(Bloomberg) -- Stephen Catlin, who is selling his Lloyd’s of London insurer to XL Group Plc for $4.2 billion, expects the pace of mergers among smaller insurers to gather pace.
“Anyone who has got a market value of less than $5 billion wherever they are in the world are going to be scratching their heads as what to do next,” Catlin, founder and chief executive officer of Catlin Group Ltd., said in an interview on Tuesday. “My peer group have all said well done. The deal was a good idea, not one has said what the hell are you doing.”
XL Group, based in Dublin, agreed to buy Catlin last month for about 2.8 billion pounds to strengthen its position amid competition from hedge funds and other investors to underwrite insurance. Catlin shareholders are scheduled to vote on the takeover, recommended by the board, in the second quarter.

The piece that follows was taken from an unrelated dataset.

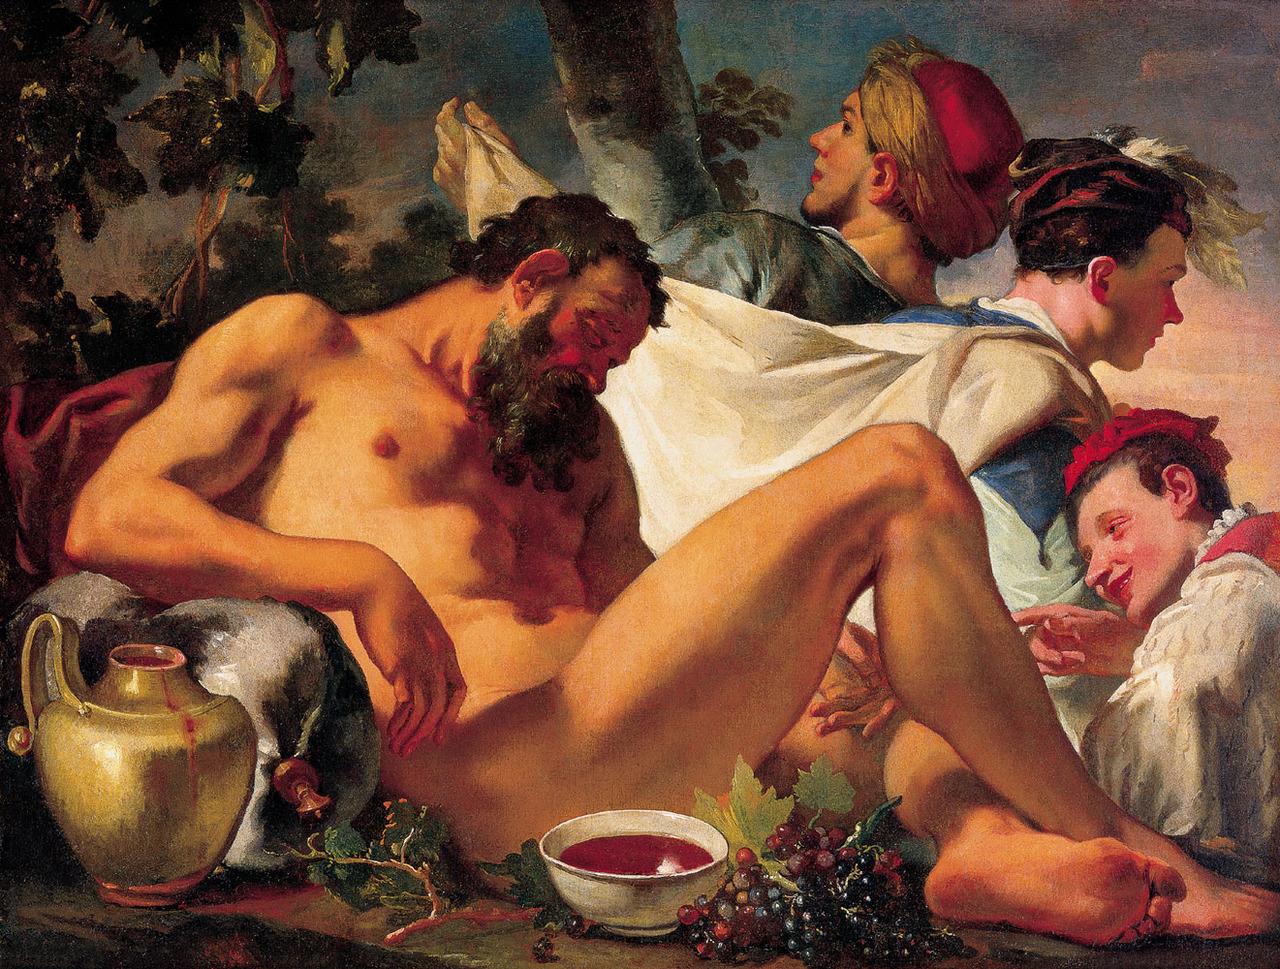 Пьянство в Библии

“As far as I can tell shareholders on both sides are happy,” Catlin said. “If you think the market is going to consolidate, there is nothing that is going to stop it, so why wouldn’t you be on the front foot and choose your partner.”
Catlin said the company, which was established at Lloyd’s in 1984, was not on XL Group’s list of potential acquisition targets until he ran the idea past CEO Mike McGavick on a plane back from Brussels more than a year ago. Catlin will remain deputy executive deputy chairman after the combination and intends to hold new XL shares as a long-term investment.
Consolidation among U.S. reinsurers was already underway after RenaissanceRe Holdings Ltd. struck a deal in November to purchase Platinum Underwriters Holdings Ltd. Axis Capital Holdings Ltd. also agreed last month to merge with PartnerRe Ltd., combining two Bermuda-based reinsurers with a total market value of almost $11 billion.
“If somebody consolidates for fear of pricing pressure, it’s probably not a good idea,” said Catlin. “If you are on the back foot you will have your partner chosen for you.”
Catlin on Tuesday reported a 13 percent rise in full-year pretax profit to $488 million and increase in its gross written premiums by 12 percent to $5.97 billion.